Mesh Down Under survey results:
  • 70 percent experienced painful sex since surgery
  • 20 percent of cases reported to Medsafe
  • 80 percent needed one or more follow-up surgeries
  • 44 percent had their condition return after surgery
  • Of those who reported complications, 75 percent said GP didn't know about the adverse effects
Group spokesperson and registered nurse Patricia Sullivan said Medsafe had touted the benefits of mesh outweighing the risks.
"The risks are so horrific, that if people knew the risks, really knew how life-changing they are, they wouldn't do it.
"When it goes bad, it goes really bad," she says.

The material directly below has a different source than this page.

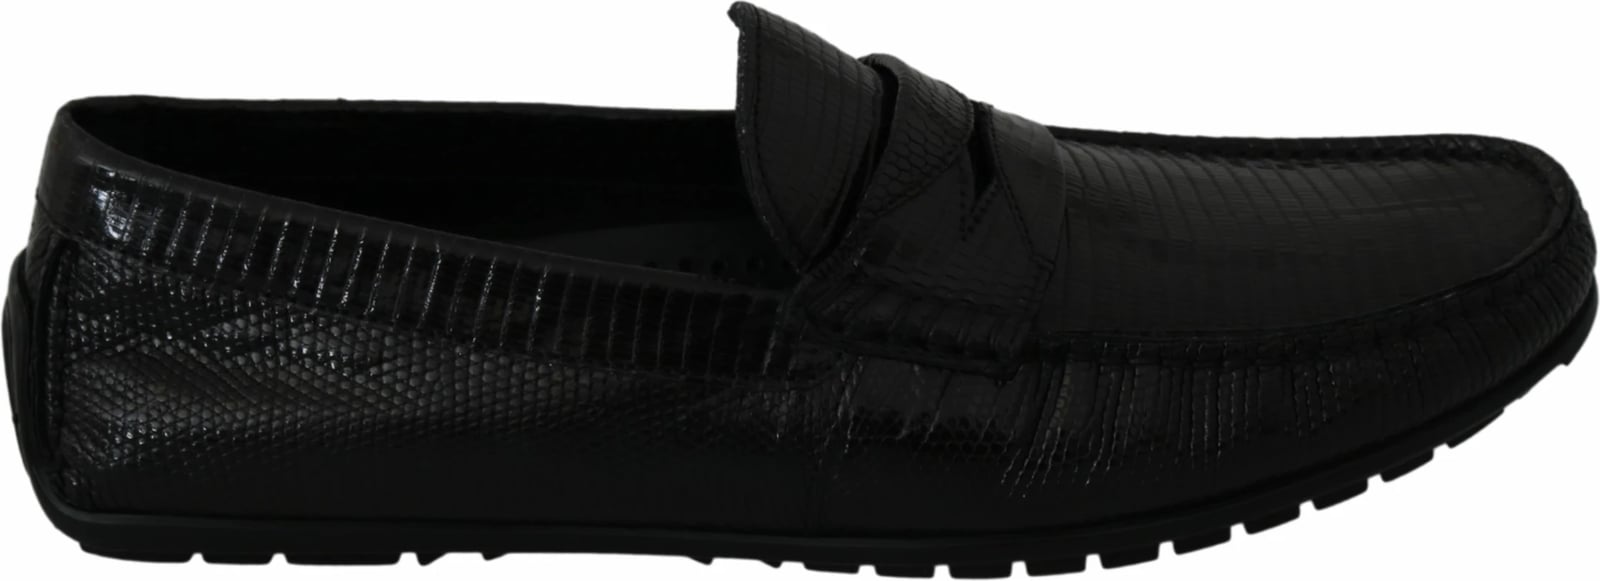 Këpucë për meshkuj Dolce & Gabbana, të zeza
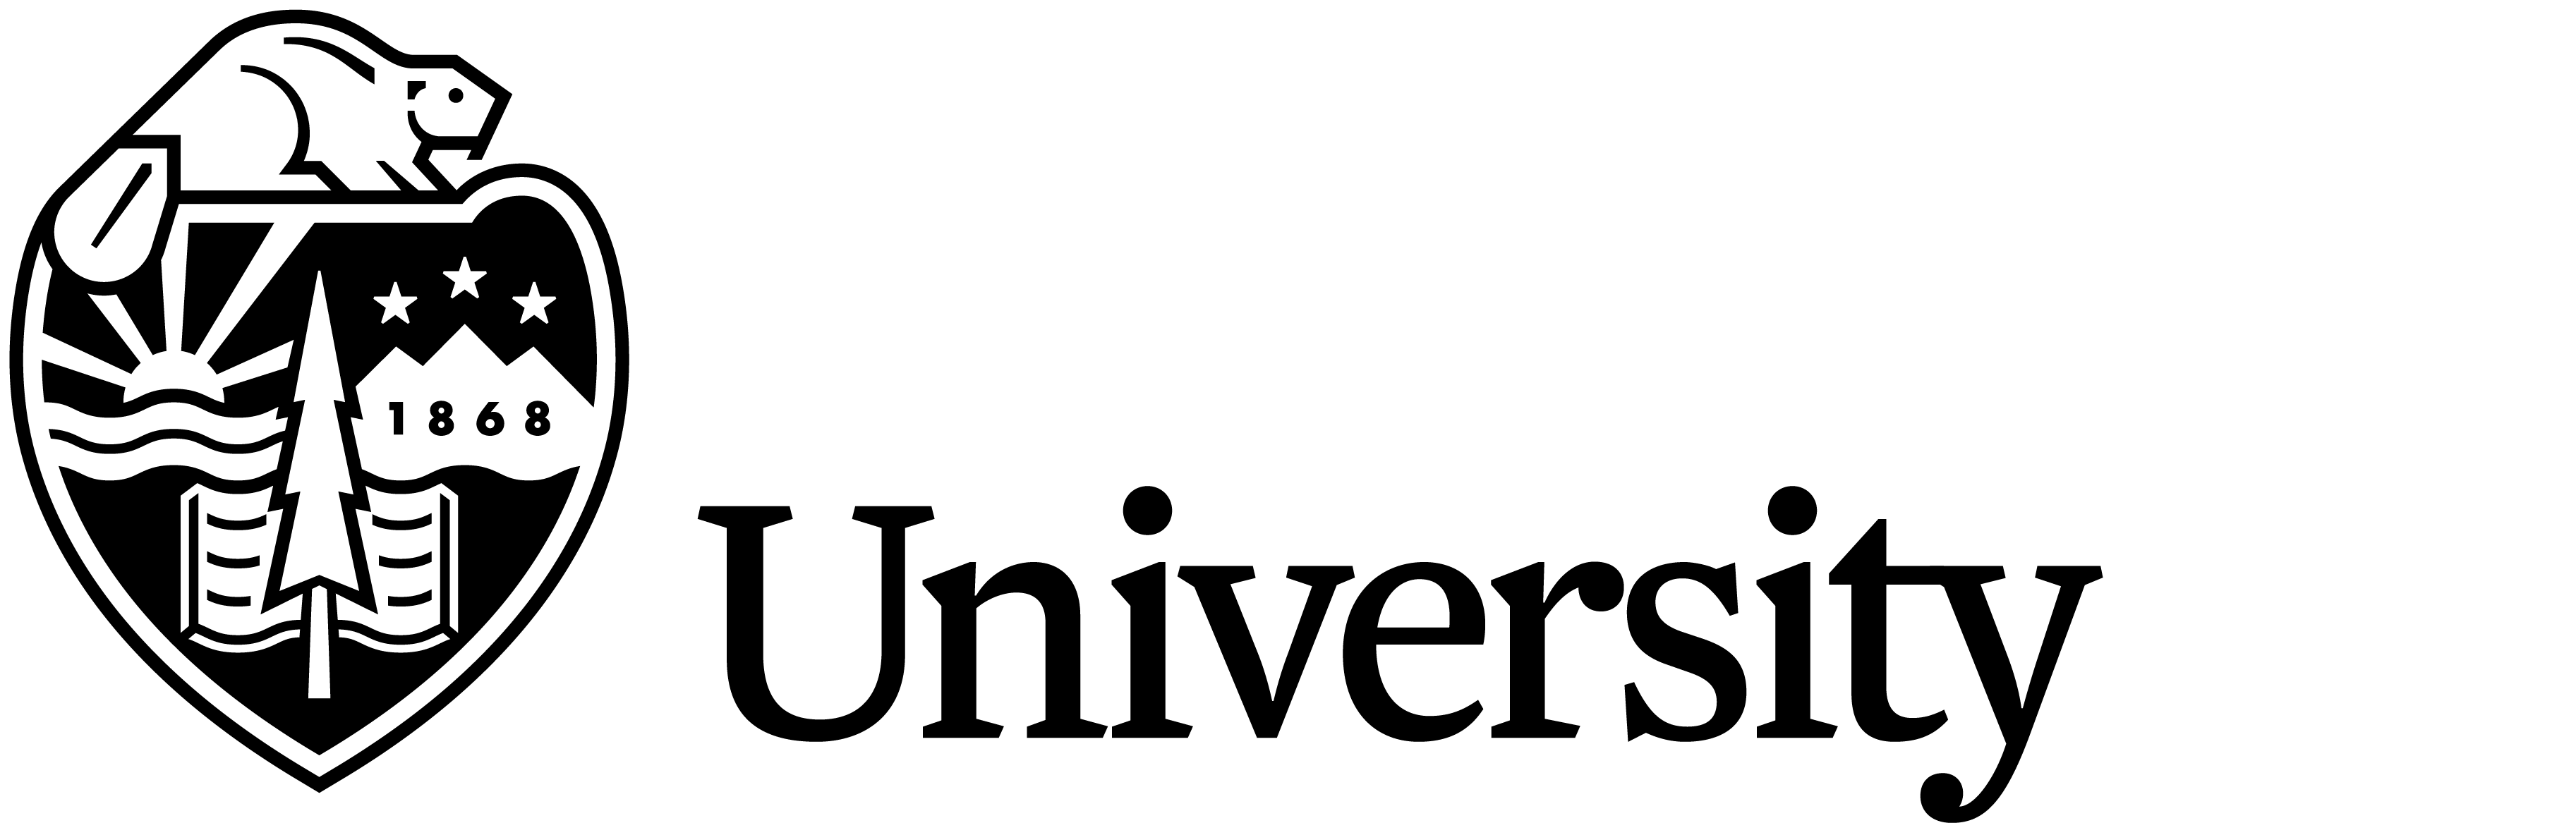 Oregon State University - Oregon State University Logo (3651x1167), Png Download

Problems with the mesh can sometimes take years to be felt, with 45 percent of respondents saying they'd had complications between five and nine years after surgery.
Ms Sullivan, who had an implant in 2008, says that makes it difficult for medical professionals to diagnose, with surgeons reluctant to re-operate.
"It took me four years for it to be diagnosed, and in those four years I saw six different specialists."
Ms Sullivan says the implants are faulty products, and pointed to three US states - Kentucky, Washington and California - suing Johnson & Johnson after they allegedly "concealed and misrepresented" the risk of surgical mesh.
Last week, the Government said it would consider creating a registry for the use of surgical mesh along with other recommendations from the health select committee.
The committee recommended:
  • Investigate options for establishing a centralised mesh registry, consistent with international recording of mesh complications;
  • Review best practice around informed consent for surgical mesh patients;
  • Encourage health providers to ensure coding information is consistent so that patients with mesh complications can be identified and monitored;
  • Encourage utilisation of the adverse events reporting system;
  • Endorse ongoing education for surgeons around the use of mesh and mesh removal;
  • Consider expanding Medsafe's role to assess quality and safety of medical devices.
Fellow campaigners Charlotte Korte and Carmel Berry say the recommendations don't go far enough and backed Labour health spokesperson Annette King's call for a full inquiry.
New Zealand First health spokesperson Barbara Stewart says the survey's numbers are concerning and congratulated those who had been "working tirelessly" on the issue.
She urged the Government to adopt all of the committee's recommendations.
"New Zealanders have suffered for long enough. The Government must show leadership," she says.
ACC Minister Nikki Kaye says cost of surgical mesh claims in the 10 years to May 2015 was $7,752,000.
Ms Sullivan says the survey could be considered a pilot study into the effects of surgical mesh because data hasn't been collected by other authorities, including Medsafe.